– Las he robado de la decoración del baile -dice vacilante, como si no estuviera seguro de ser bienvenido-. Más vale que te guste.
– ¿Y de vino nada? -La voz de Charlie es débil.
Gil sonríe torpemente.
– Para ti, sólo lo barato. -Da un par de pasos y extiende la mano hacia Charlie-. La enfermera me ha dicho que tenemos dos minutos. ¿Cómo te encuentras?
– He estado mejor -dice Charlie-. Pero también he estado peor.
– Creo que tu madre está aquí -replica Gil, buscando todavía cómo comenzar.
Charlie ha comenzado a adormilarse, pero se las arregla para sonreír una vez más.
– Pasa desapercibida fácilmente.
– No te irás sin despedirte, ¿verdad? -pregunta Gil en voz baja.
– ¿Del hospital? -dice Charlie, ya demasiado enajenado como para reconocer la intención de la pregunta.
– Sí.
– Tal vez -susurra Charlie-. La comida de este lugar -exhala- es espantosa.
Su cabeza vuelve a caer sobre la almohada en el momento en que la enfermera de cara áspera regresa para decir que se nos ha acabado el tiempo, que Charlie necesita descansar.
– Duerme bien, tío -dice Gil, poniendo el ramo de flores sobre la mesilla de noche.
Charlie no lo escucha. Ya ha comenzado a respirar por la boca.
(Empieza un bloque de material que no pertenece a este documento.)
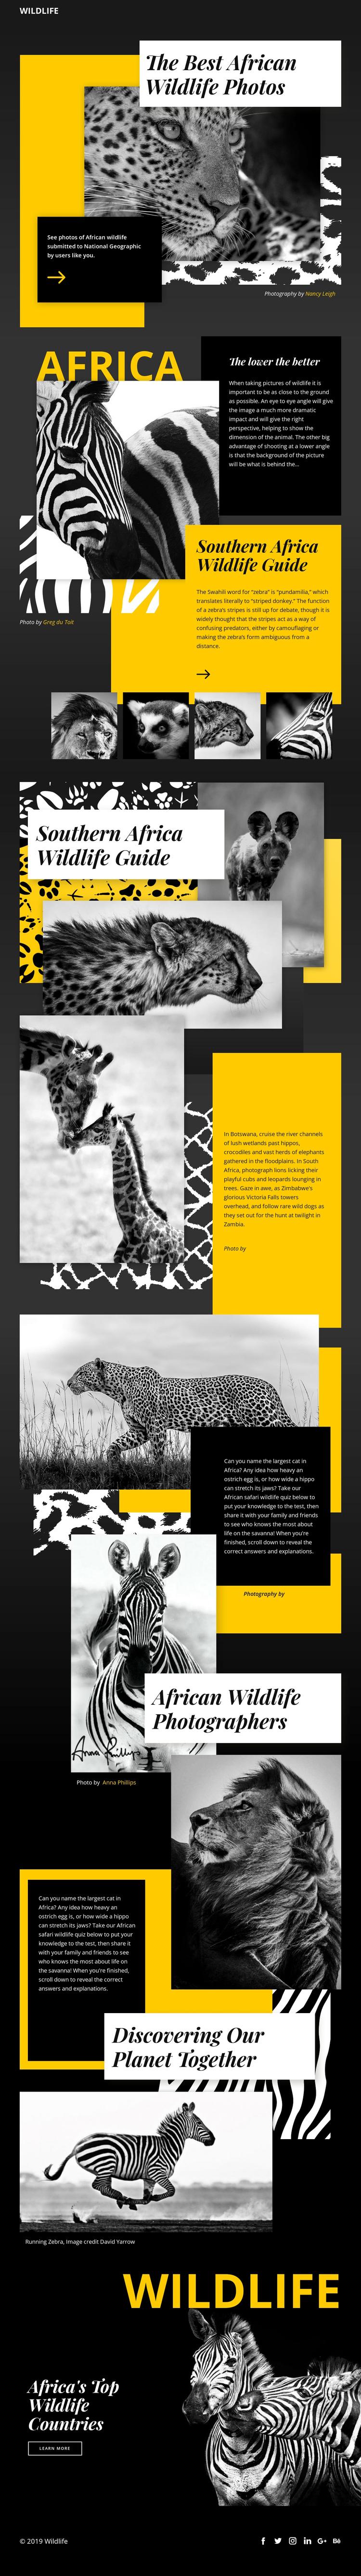 Wildlife Photos Website Builder Software
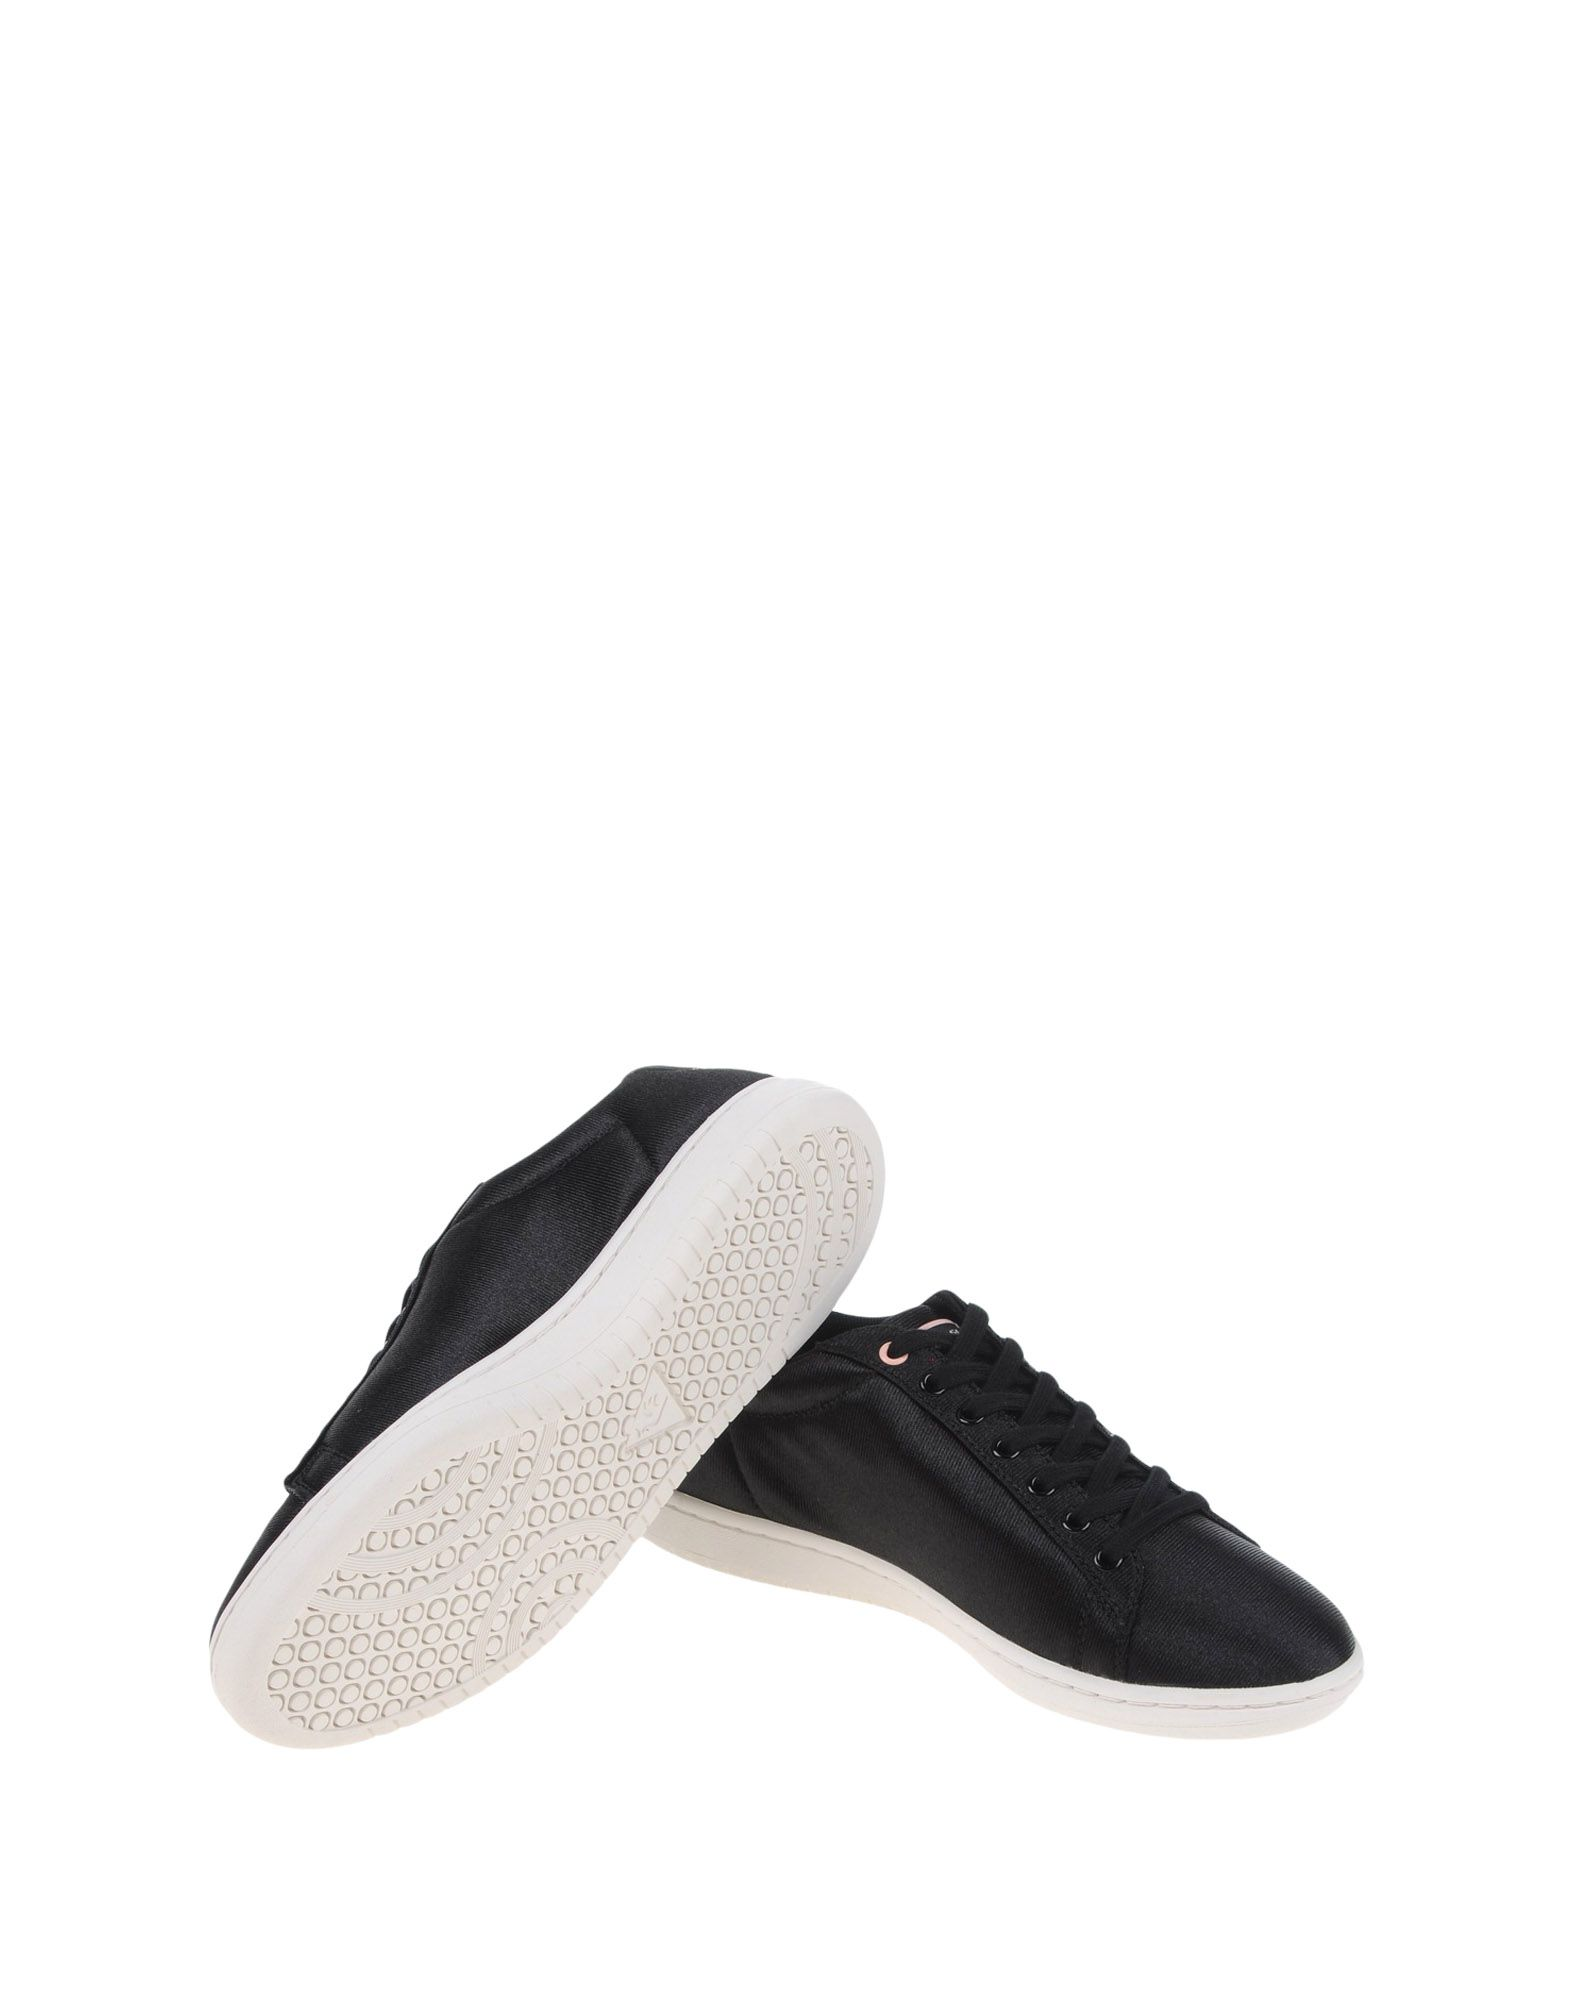 Sneakers Le Coq Sportif Arthur Ashe W Bird Of Paradise - Femme - Sneakers Le Coq Sportif sur

Antes de irnos vuelvo a mirarlo: allí, sentado en su cama, envuelto en vendajes y rodeado de tubos de gota a gota, me hace pensar en las tiras cómicas que leía de niño. El gigante caído que la medicina logró reconstruir. El paciente cuya misteriosa recuperación sorprendió a los médicos locales. La oscuridad cae sobre Gotham, pero los titulares son los mismos. Hoy, un superhéroe se ha enfrentado a las fuerzas de la naturaleza y ha vivido para quejarse de la comida.
– ¿Se pondrá bien? -pregunta Gil cuando llegamos al aparcamiento de visitantes. El Saab es el único coche. Todavía tiene el capó tan caliente que derrite la nieve que le ha caído.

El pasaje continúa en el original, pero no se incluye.